The Wise Children co-production runs until 1 June
Hanif Kureishi’s 1990 debut novel was a literary sensation, and people of a certain vintage – such as this production’s director, Emma Rice – are prone to wax lyrical and nostalgic about its power to evoke a time, a place, a specific moment in their lives. I have to confess that, despite being of an approximate vintage, it passed me by completely.
I suspect that those who are familiar with the novel will derive much more satisfaction from Rice and Kureishi’s stage adaptation than those of us who are not. The picaresque, episodic whizz through locations, scenes and characters is not so much Dickensian as dizzying, with no time to breathe or explore character, delve into motivations or even to empathise with anyone along our hero Karim’s unlikely journey out of the south London suburbs in the late 1970s.
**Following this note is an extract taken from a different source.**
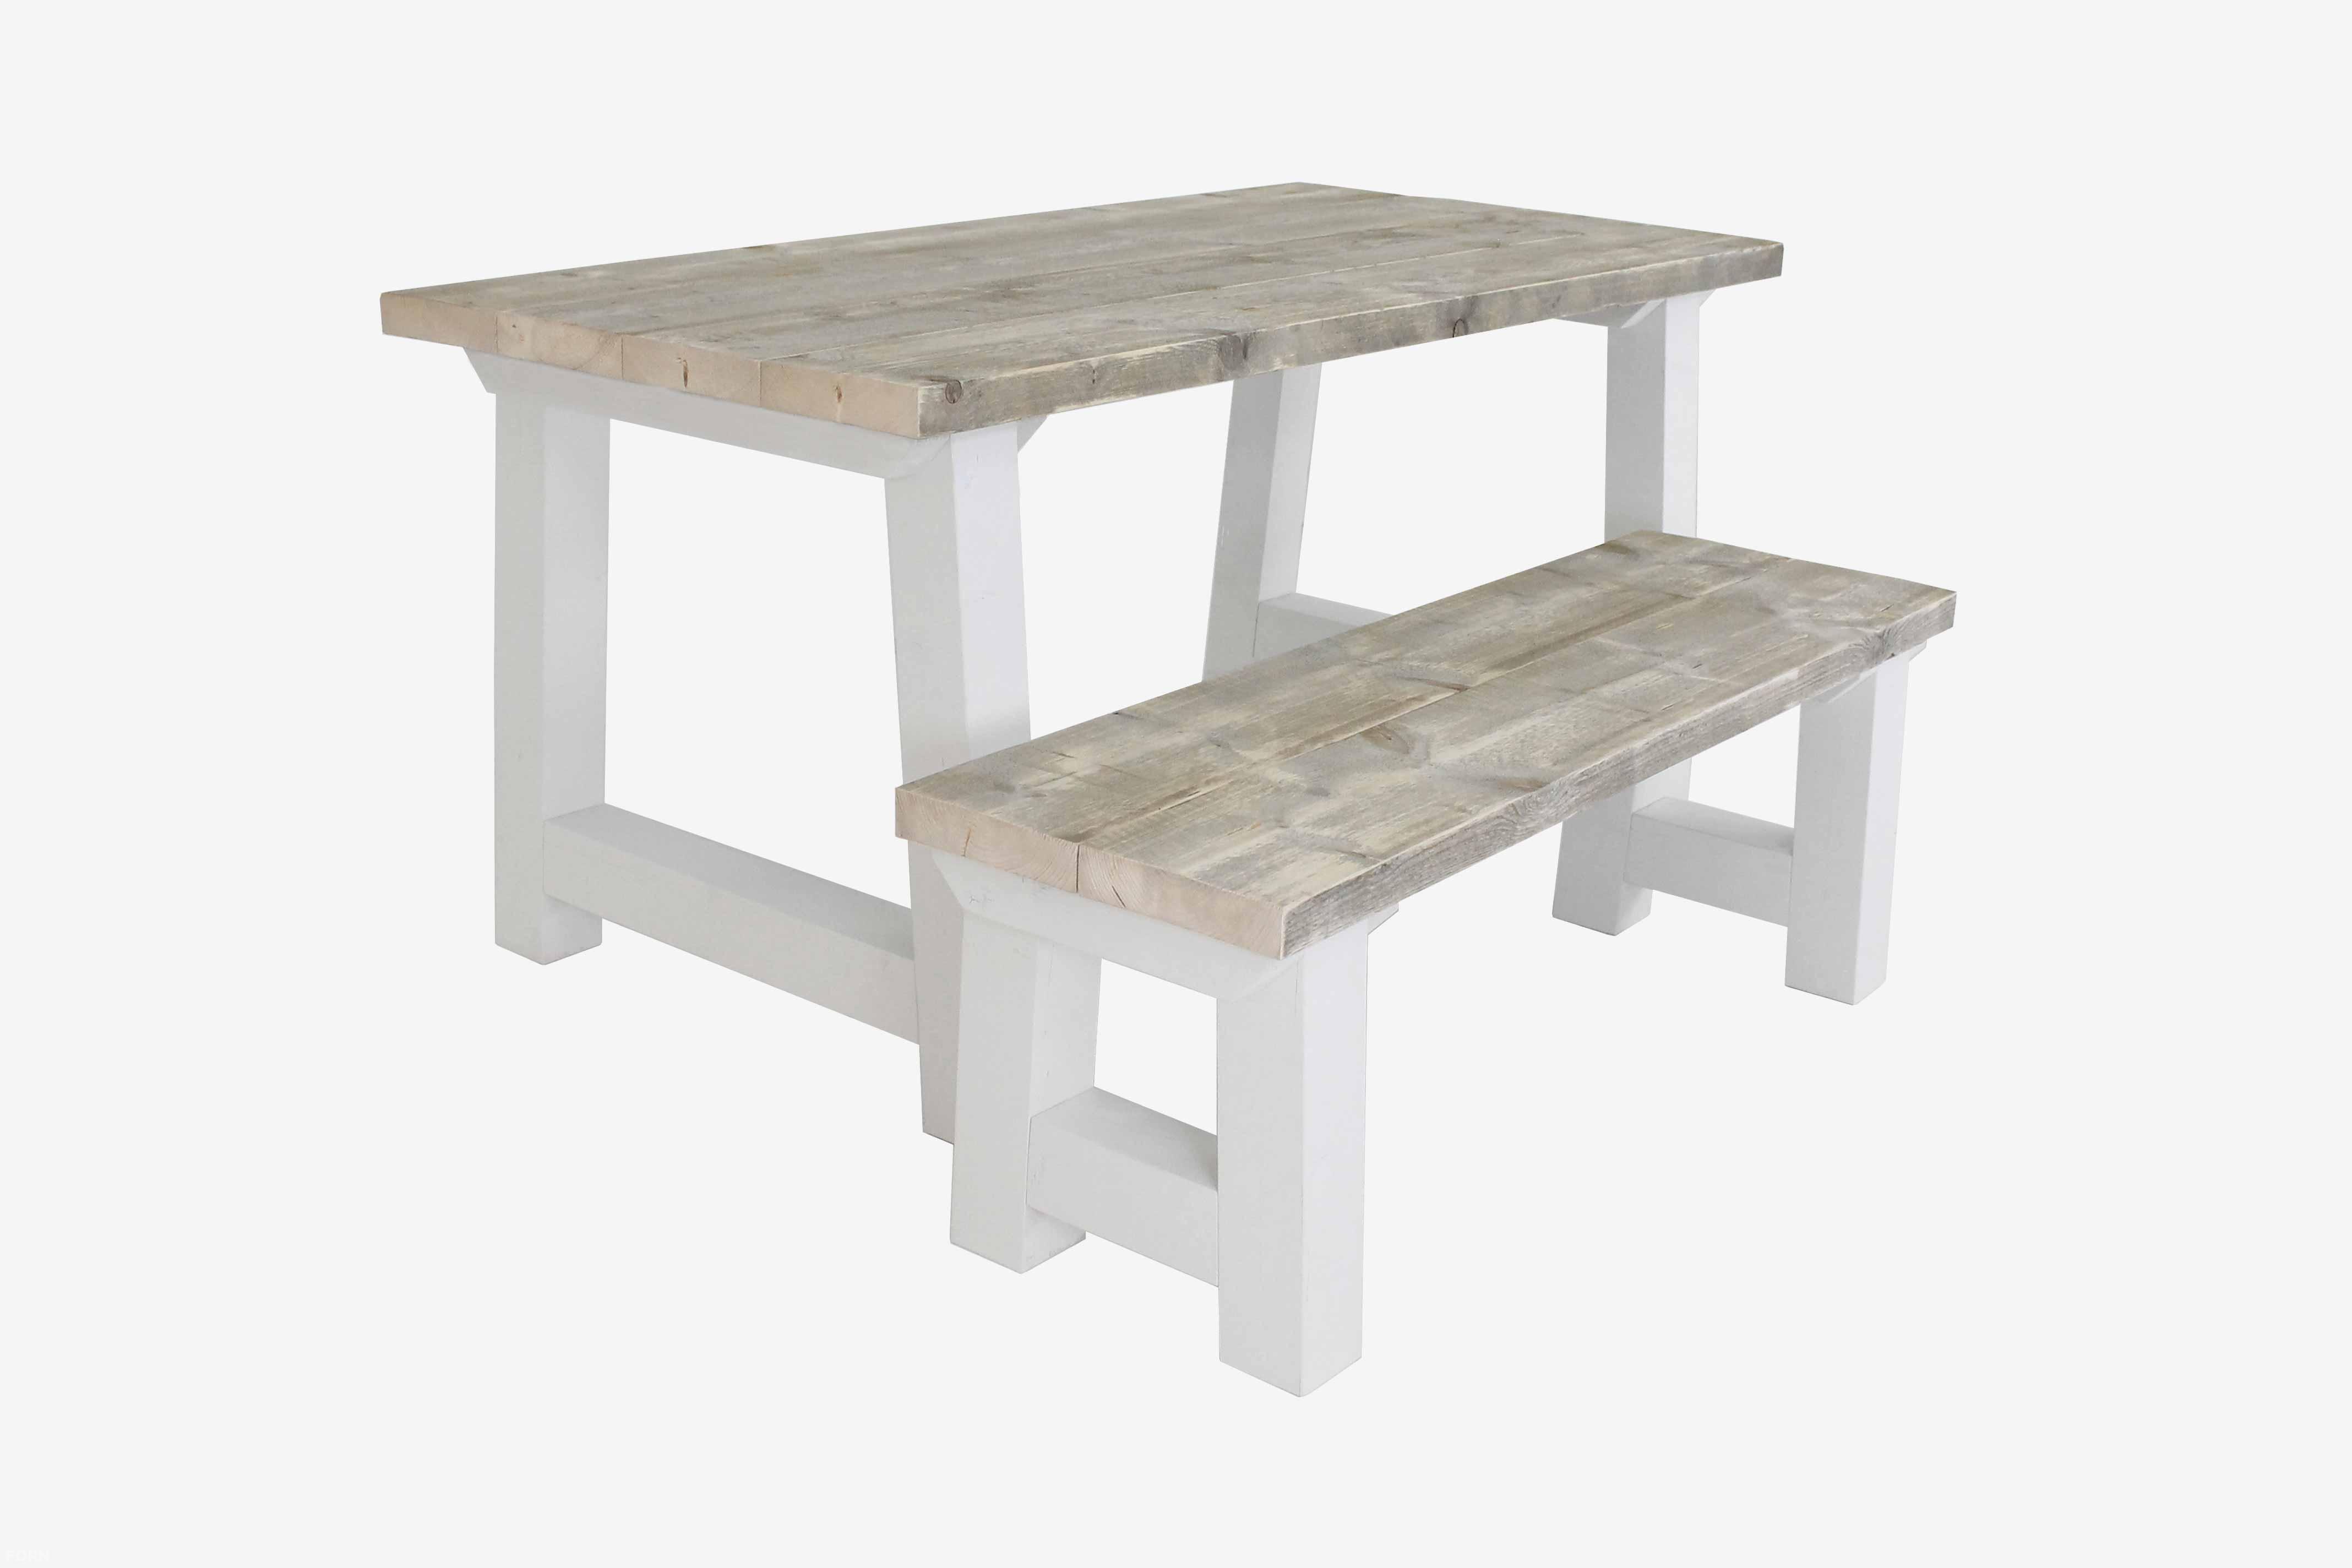 Wit Bankje Eettafel.Landelijke Houten Tafel Dikke Planken Steigerhouten Tafel

It’s all the more curious, then, that The Buddha of Suburbia should apparently be strongly autobiographical, since the figures drawn here are two-dimensional to the point of caricature and the novel’s acclaim for its skewering of a divided society on the cusp of Thatcher’s revolution is largely lost in translation. We’re simply left wondering why we should care about any of the self-serving characters, and why anyone thought it necessary to retell the story on a stage.
Having said all that, it’s done with great panache and plenty of Rice’s trademark theatricality, and there’s some chaotic, crude comedy along the way. Rachana Jadhav’s multi-level set and Vicki Mortimer’s vivid costumes certainly look the part and Niraj Chag’s delightful score plunders every possible aspect of the period’s music charts, from pop to punk and everything inbetween.
Dee Ahluwalia’s Karim narrates for the most part as his Indian-English family falls apart and is reconstructed in a more radical way, but he remains essentially unchanged by everything that happens to him, whether it’s life-affirming or tragic. A cast of players doubles, trebles and more as the supporting cast in his frenetic young life, and more than once Rice deploys metatheatrical tricks to win extra laughs.
Natasha Jayetileke wrings something interesting out of Karim’s best friend Jamila, and there are excellent performances from Ankur Bahl as his father and Ewan Wardrop as an eccentric theatre director with a sideline in sexual peccadilloes. The numerous intimate encounters are handled with a sense of raucous joy and liberation, and if it all ends up feeling a little like Confessions of an Anglo-Indian Actor, then at least that’s in keeping with the period, and a broad-minded audience probably isn’t going to mind too much.
The breakneck pace and relentless trajectory help nearly three hours fly by, and it’s easy to see why Rice’s biggest challenge must have been filleting the narrative to a manageable length. If you know the story, that may not matter too much. If you don’t, just try and keep up.